The first die 100 may include external terminals 104. The external terminals 104 may be provided on the bottom surface of the first die 100. The external terminals 104 may be disposed below the first vias 110. Alternatively, first lower pads may be provided on the bottom surface of the first die 100, and the external terminals 104 may be disposed on the first lower pads. The external terminals 104 may be electrically connected to the first circuit layer 102 and the first vias 110.
Although not shown, the first die 100 may further include a passivation layer. The passivation layer (not shown) may be disposed on the bottom surface of the first die 100, covering the first circuit layer 102. The passivation layer (not shown) may protect the first circuit layer 102. The passivation layer (not shown) may include a silicon nitride (SiN) layer. The passivation layer (not shown) may expose the external terminals 104.
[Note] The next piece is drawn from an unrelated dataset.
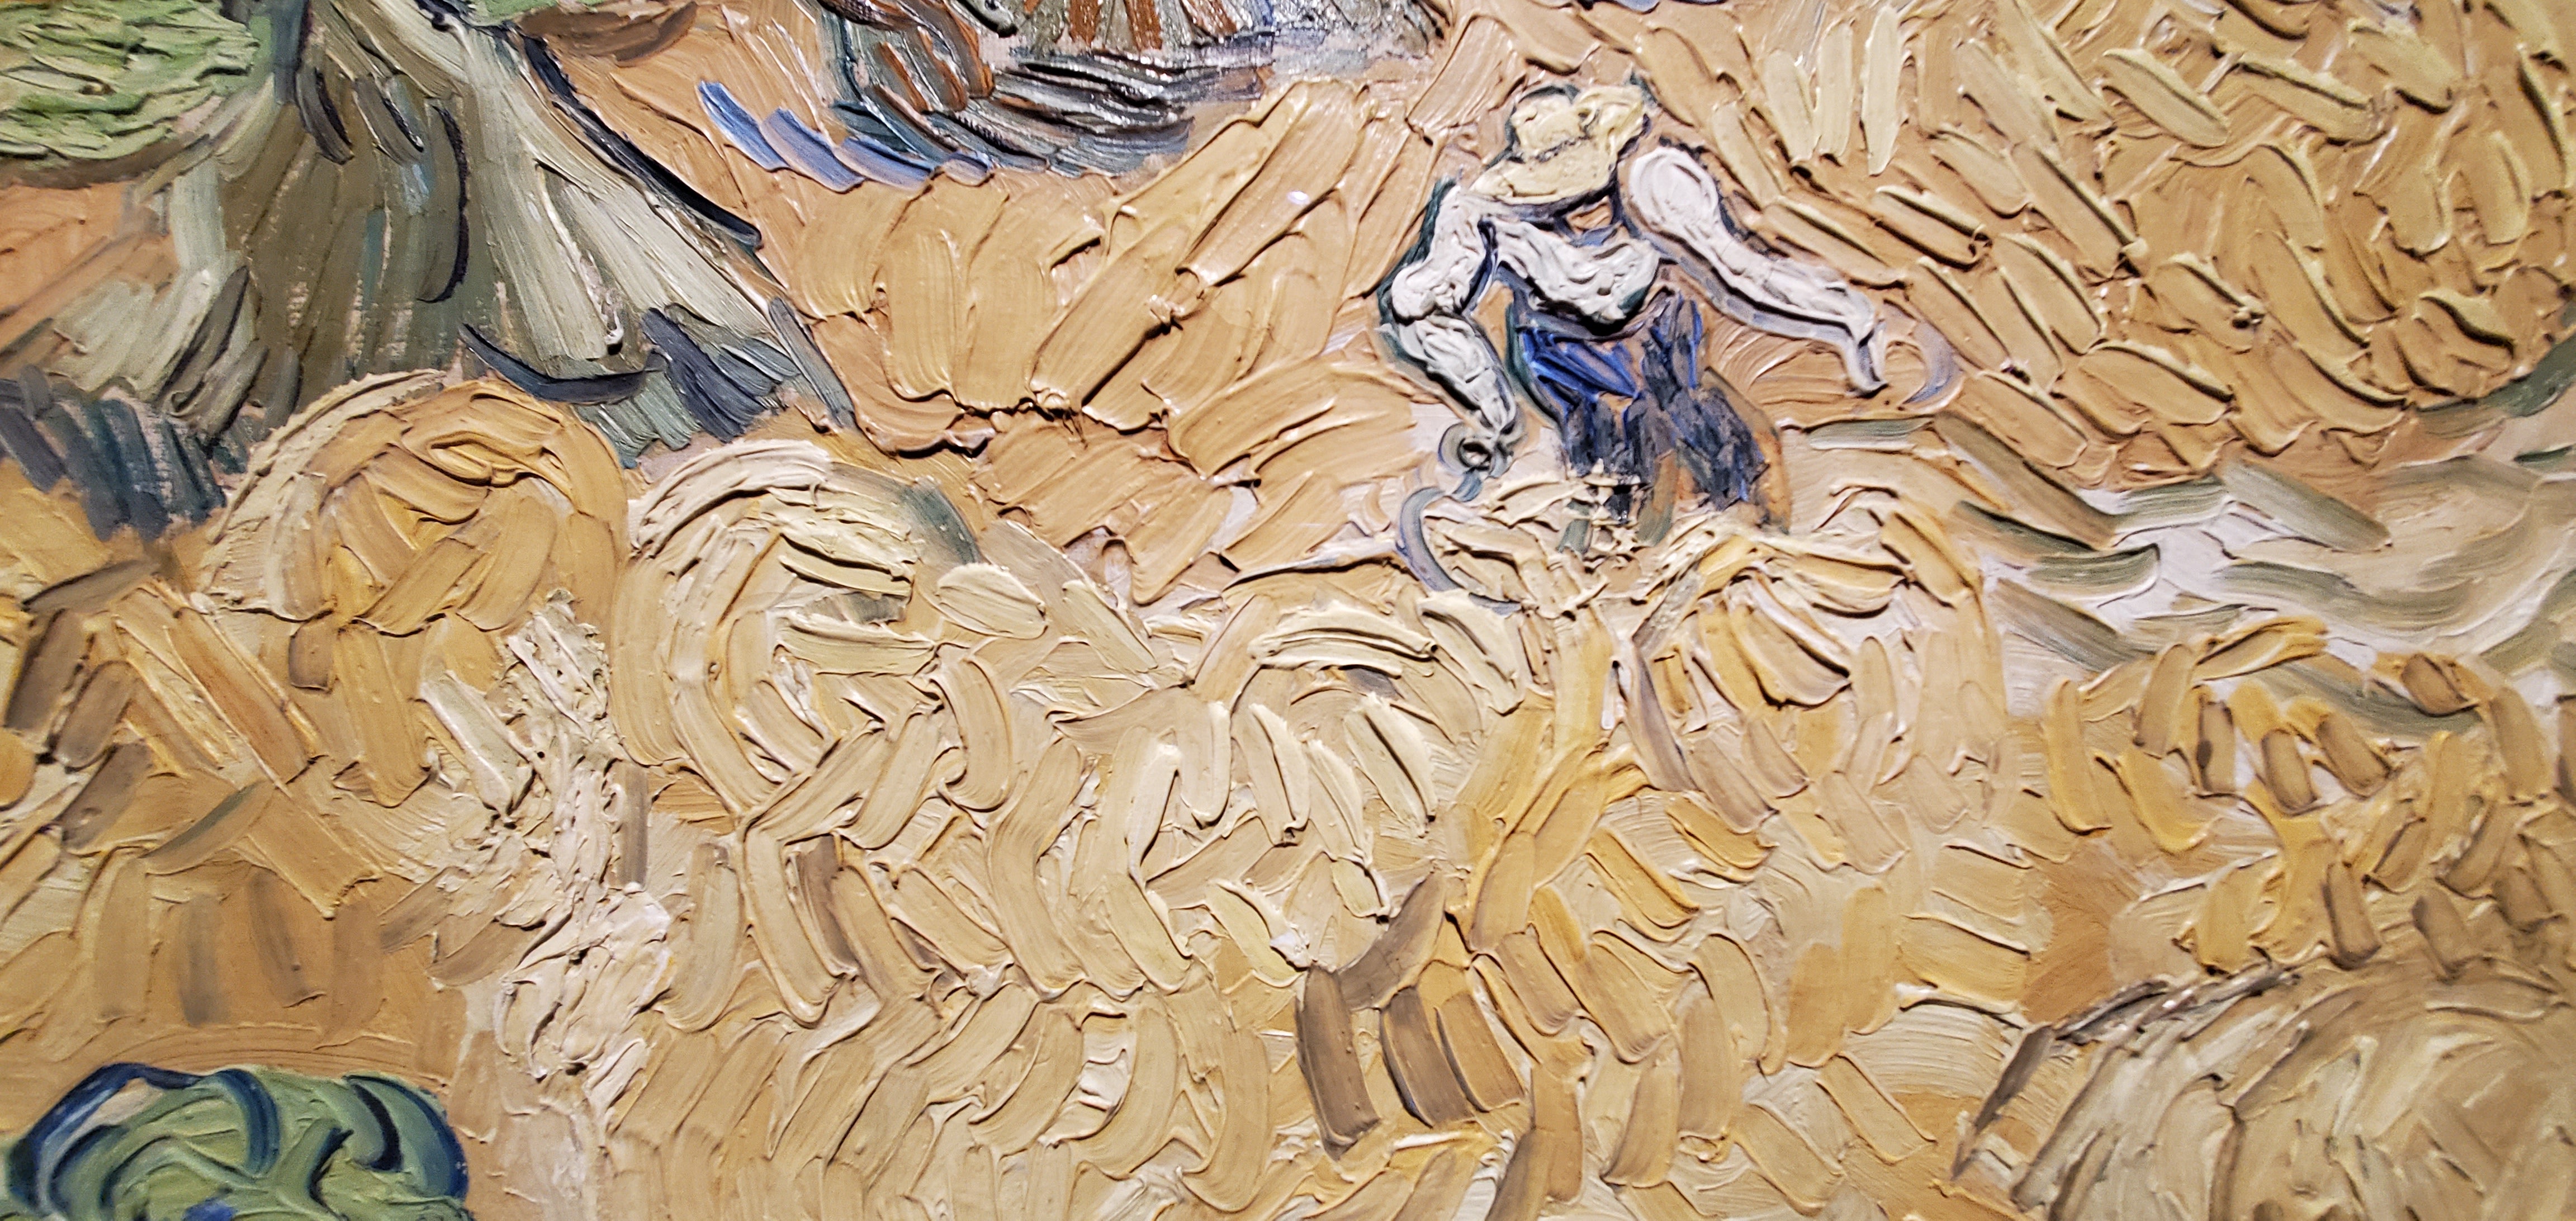 Detail of "Wheat Fields with Reaper," taken by Marsha Battle Philpot at the Detroit Institute of Arts' Van Gogh In America exhibition.

A die stack DS may be disposed on the first die 100. The die stack DS may include the second dies 200 stacked on the first die 100. The following will discuss a single second die 200 in describing configurations of the second dies 200.
The second die 200 may be provided. The second die 200 may include an electronic element such as a transistor. For example, the second die 200 may be a wafer-level semiconductor die formed of a semiconductor such as silicon (Si). The second die 200 may have a width less than that of the first die 100.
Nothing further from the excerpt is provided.